Action item:
Copy out exactly the stretch below, from the line with "Voli Low Cost" through the line with "German Shepherd Dog", both included; the pictures stay out.

Provided entries:
___
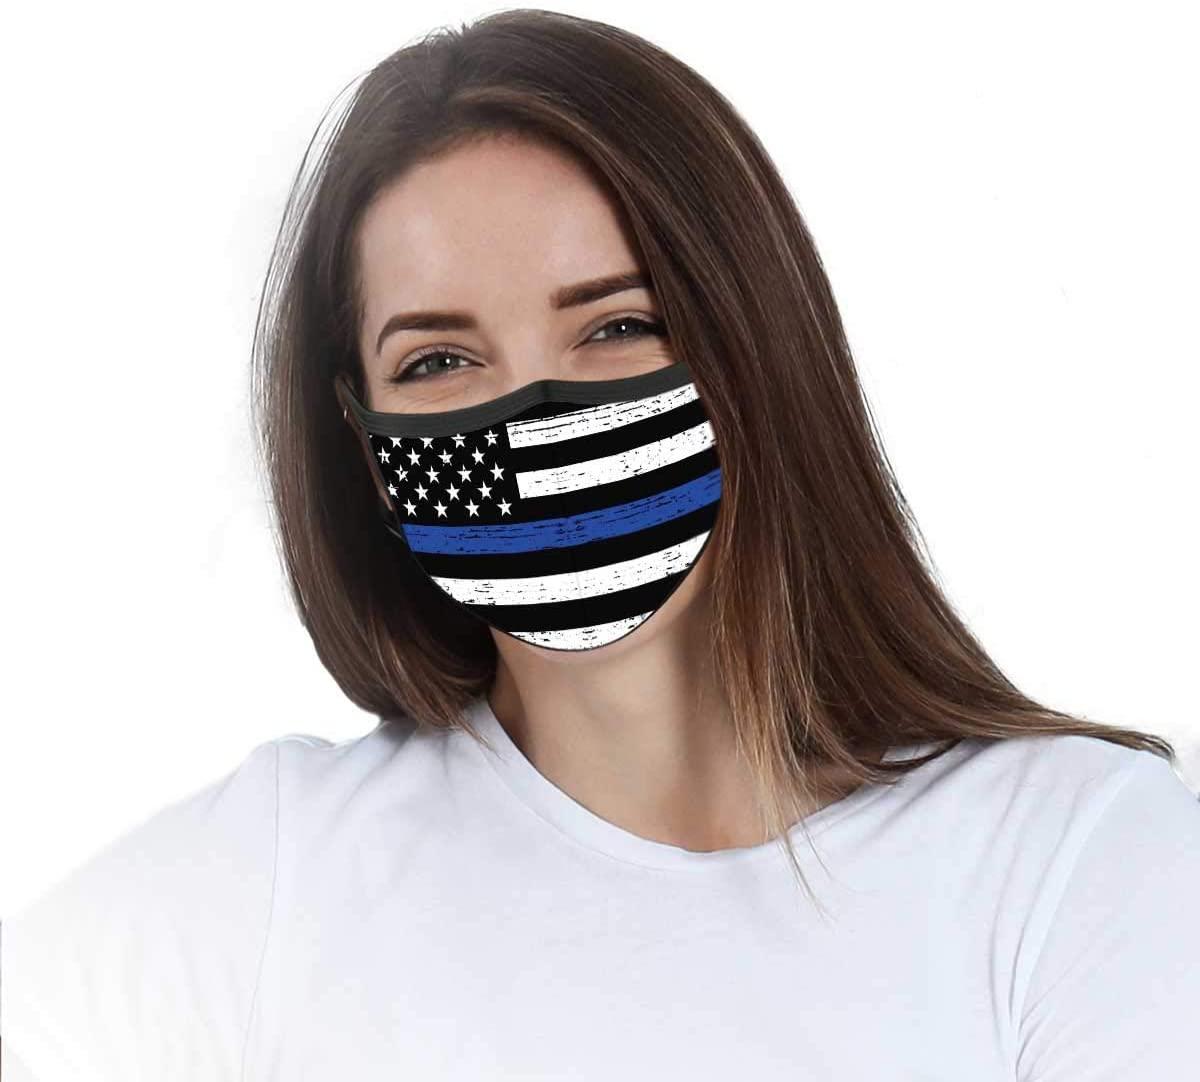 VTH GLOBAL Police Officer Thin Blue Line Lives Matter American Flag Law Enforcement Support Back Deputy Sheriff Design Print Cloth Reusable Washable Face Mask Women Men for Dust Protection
___
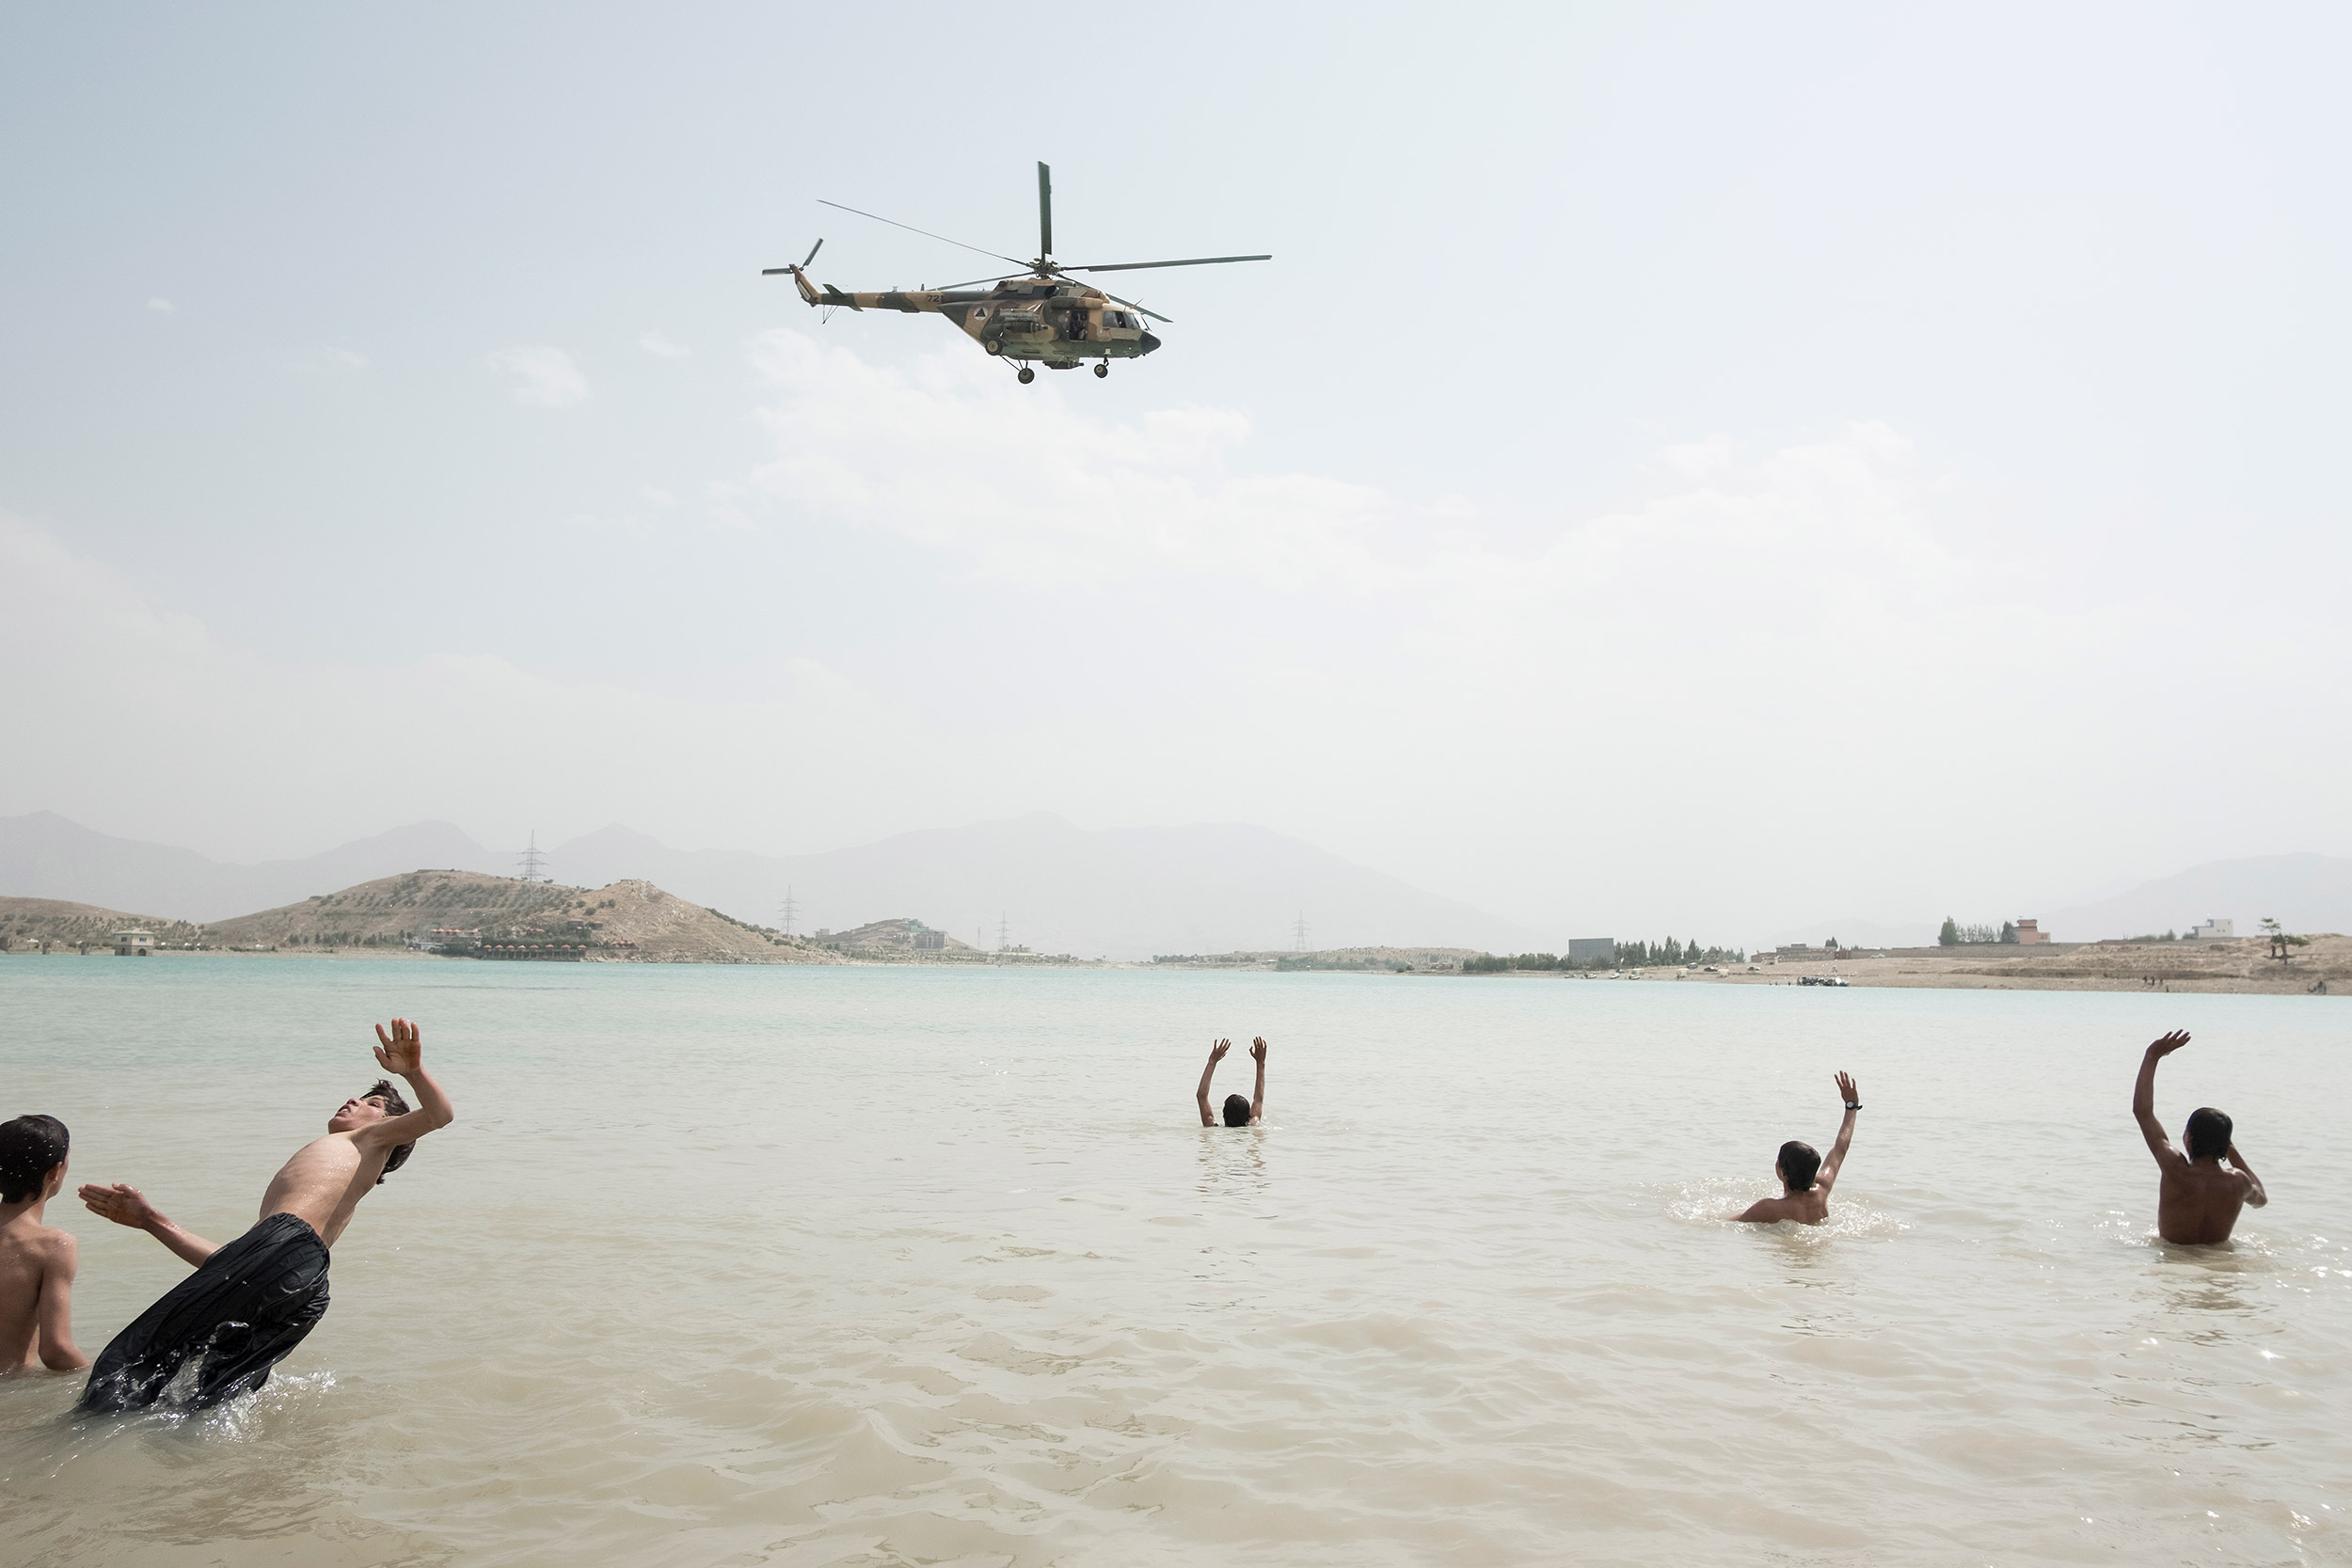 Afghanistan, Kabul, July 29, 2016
___
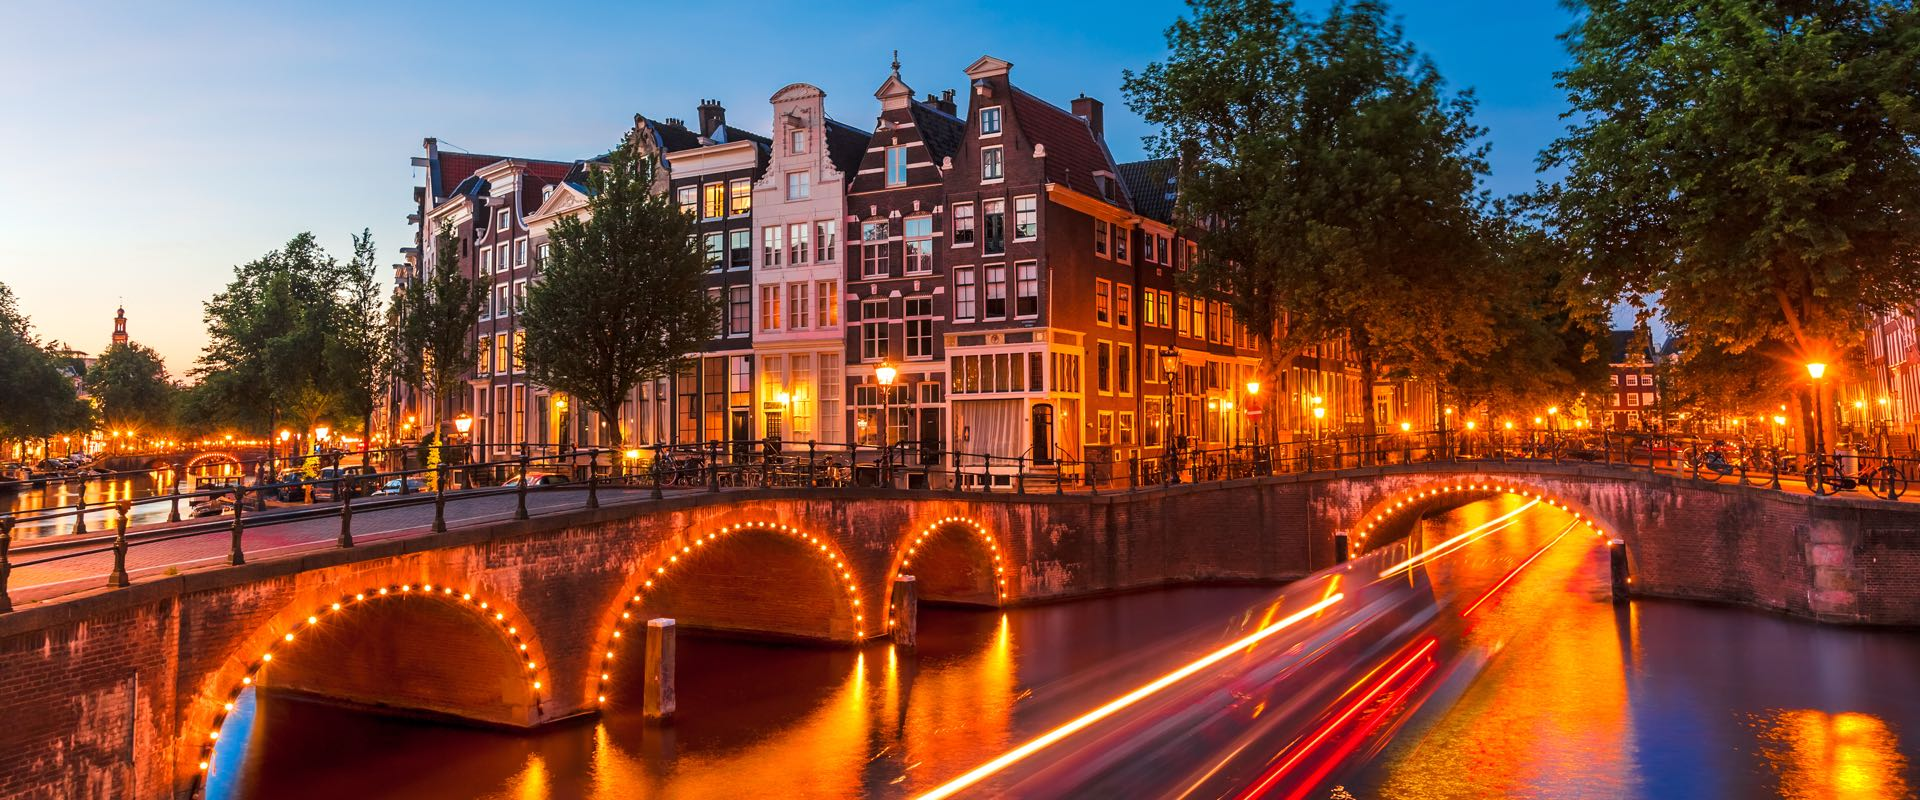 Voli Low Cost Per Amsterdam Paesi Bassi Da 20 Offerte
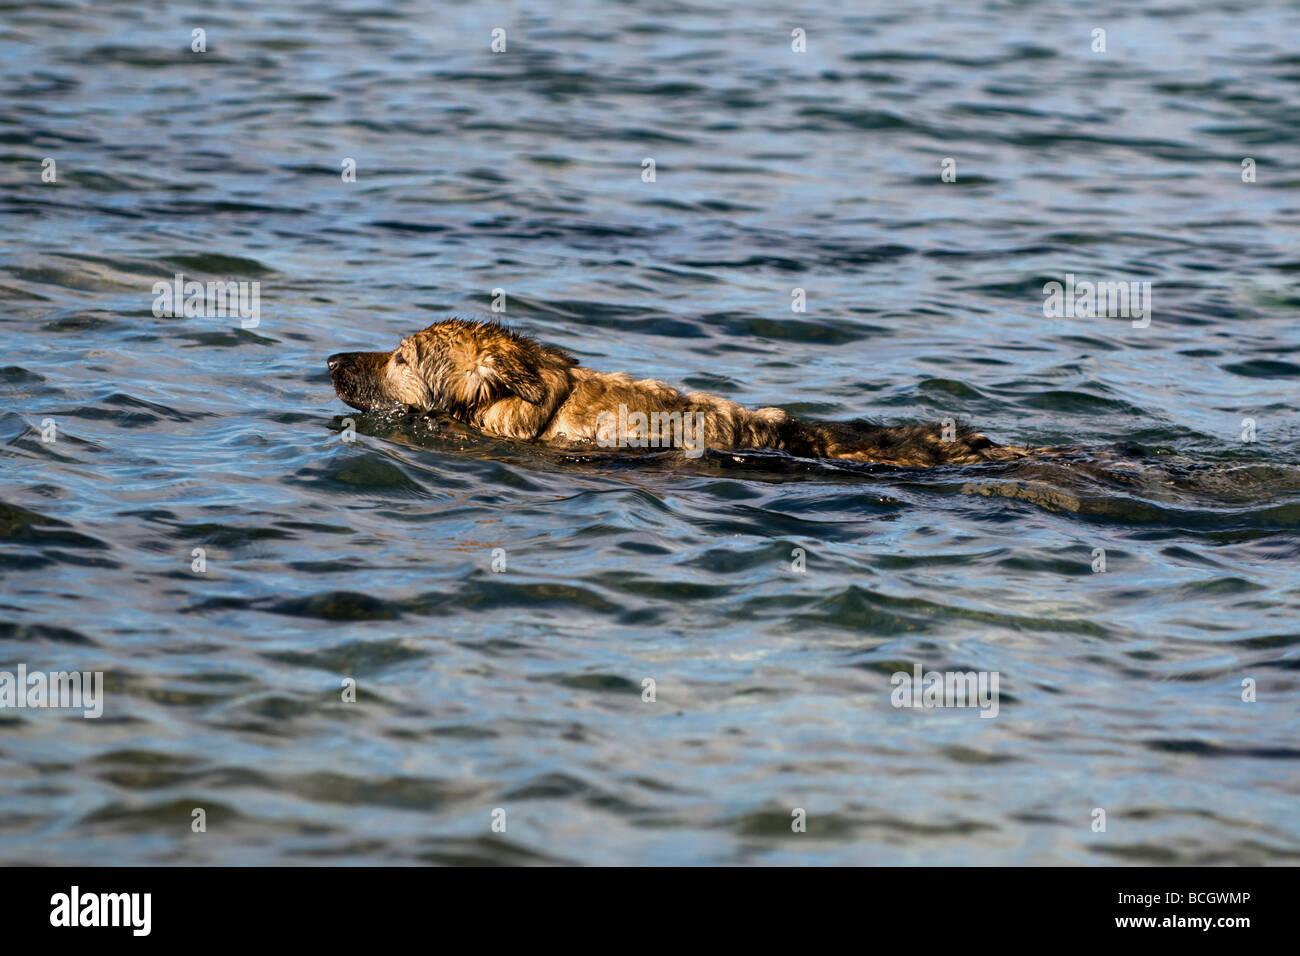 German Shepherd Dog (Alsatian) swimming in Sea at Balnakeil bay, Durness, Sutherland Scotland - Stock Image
___
Answer to this exercise:
 Voli Low Cost Per Amsterdam Paesi Bassi Da 20 Offerte
 German Shepherd Dog (Alsatian) swimming in Sea at Balnakeil bay, Durness, Sutherland Scotland - Stock Image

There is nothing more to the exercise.